Kwon, Sunghoon (Department of Applied Statistics, Konkuk University)
Kim, Dongshin (Graziadio School of Business and Management, Pepperdine University)
Lee, Sangin (Department of Information and Statistics, Chungnam National University)

Publication Information

Communications for Statistical Applications and Methods / v.27, no.1, 2020 , pp. 129-140 More about this Journal

Abstract

In this paper, we introduce an efficient algorithm for the non-convex penalized multinomial logistic regression that can be uniformly applied to a class of non-convex penalties. The class includes most non-convex penalties such as the smoothly clipped absolute deviation, minimax concave and bridge penalties.
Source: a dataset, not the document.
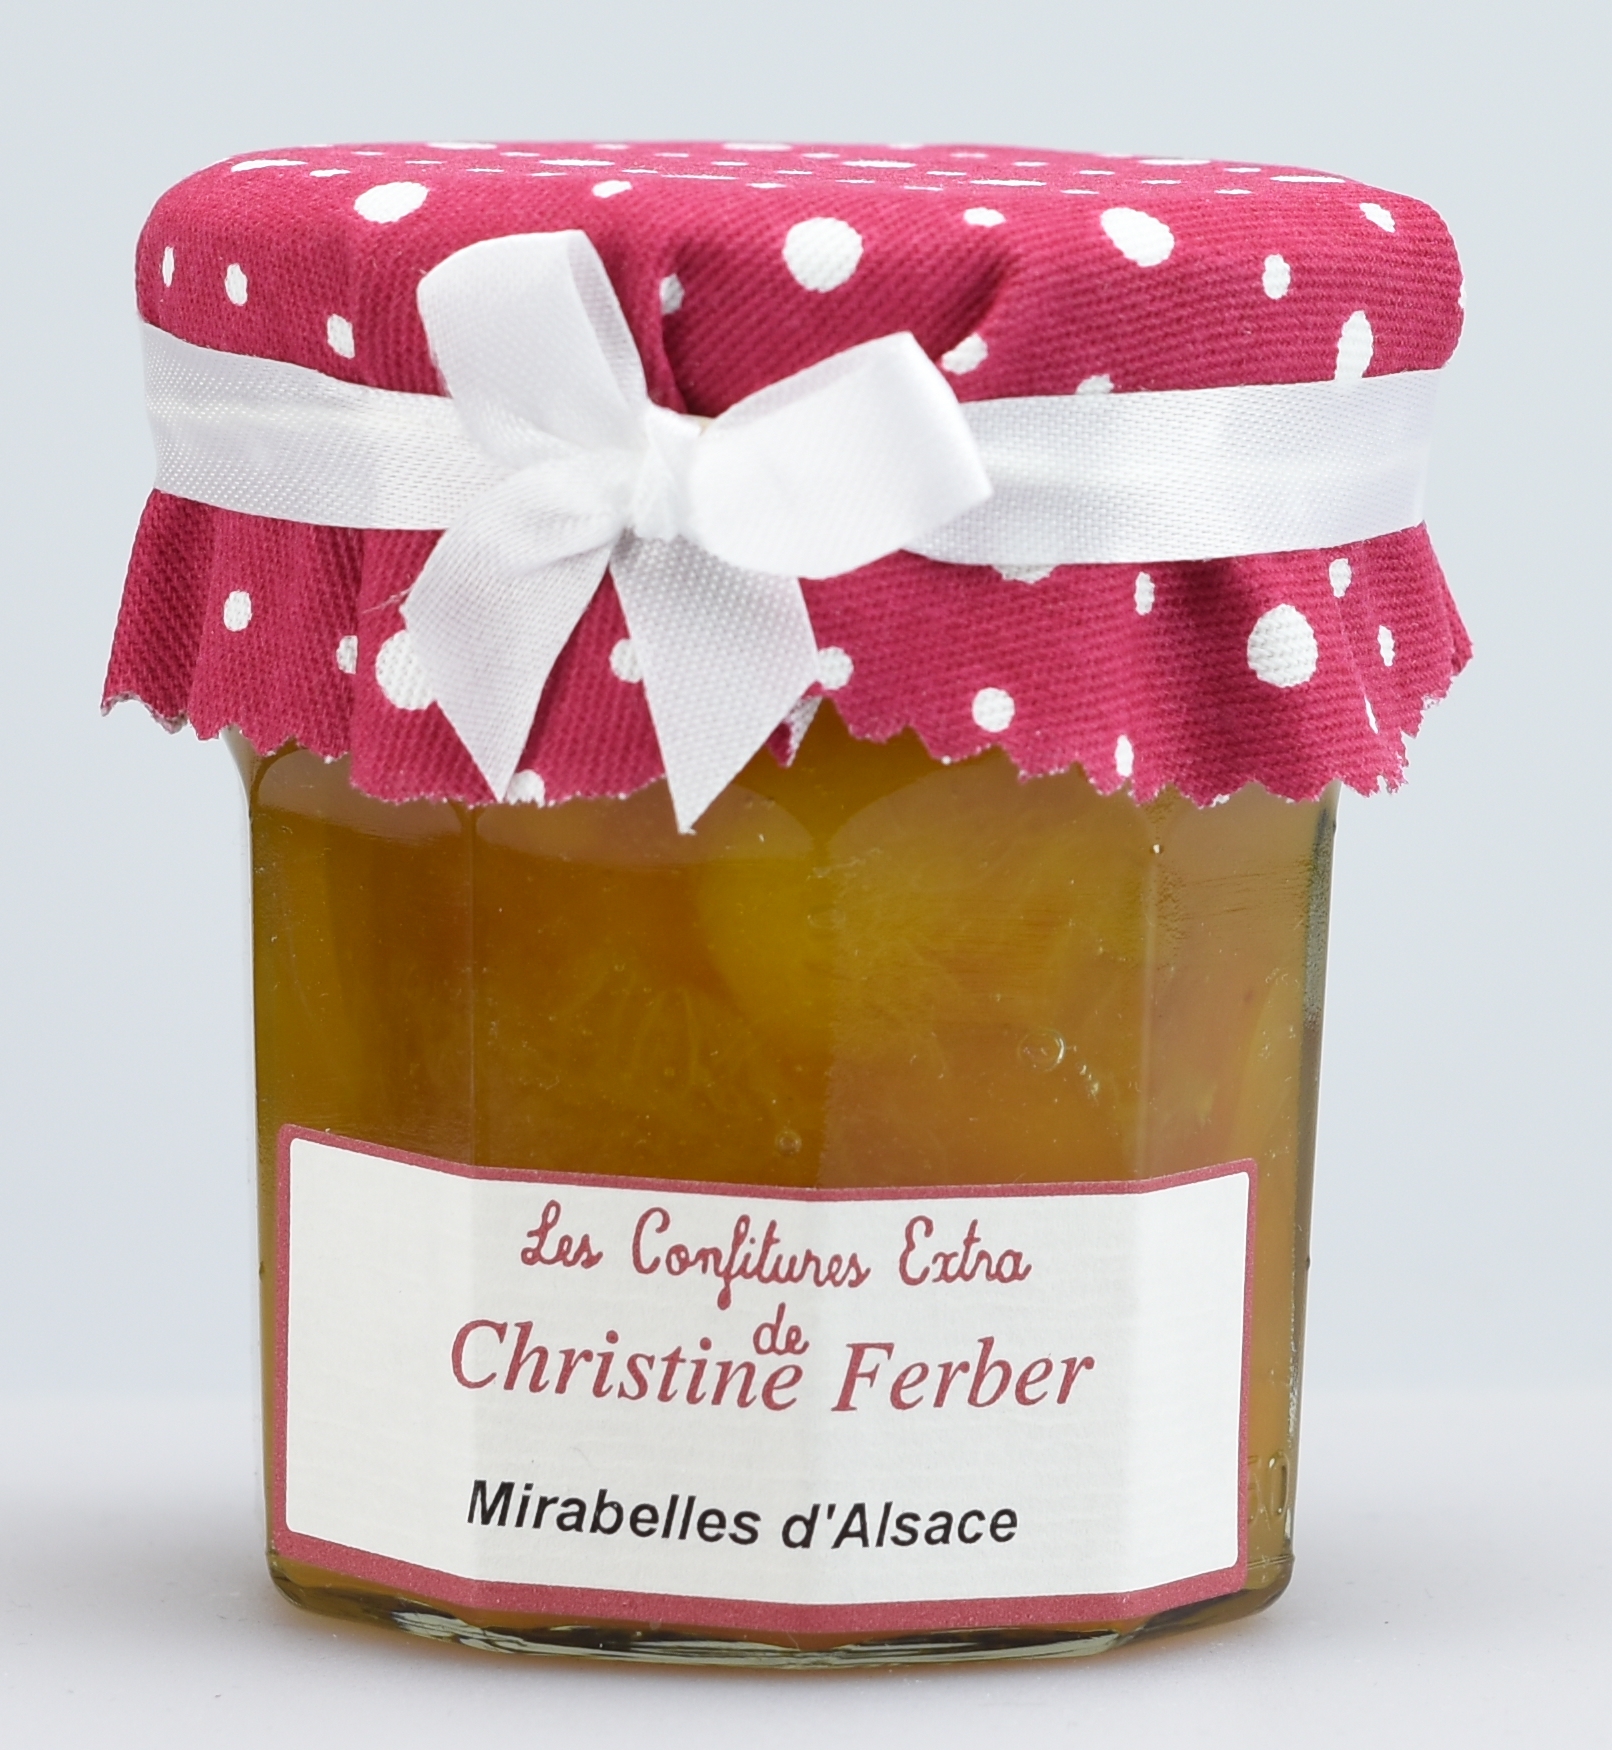 Mirabellen, Confiture extra, Mirabelle d'Alsace, Christine Ferber 0,22 kg

The algorithm is developed based on the concave-convex procedure and modified local quadratic approximation algorithm. However, usual quadratic approximation may slow down computational speed since the dimension of the Hessian matrix depends on the number of categories of the output variable. For this issue, we use a uniform bound of the Hessian matrix in the quadratic approximation. The algorithm is available from the R package ncpen developed by the authors. Numerical studies via simulations and real data sets are provided for illustration.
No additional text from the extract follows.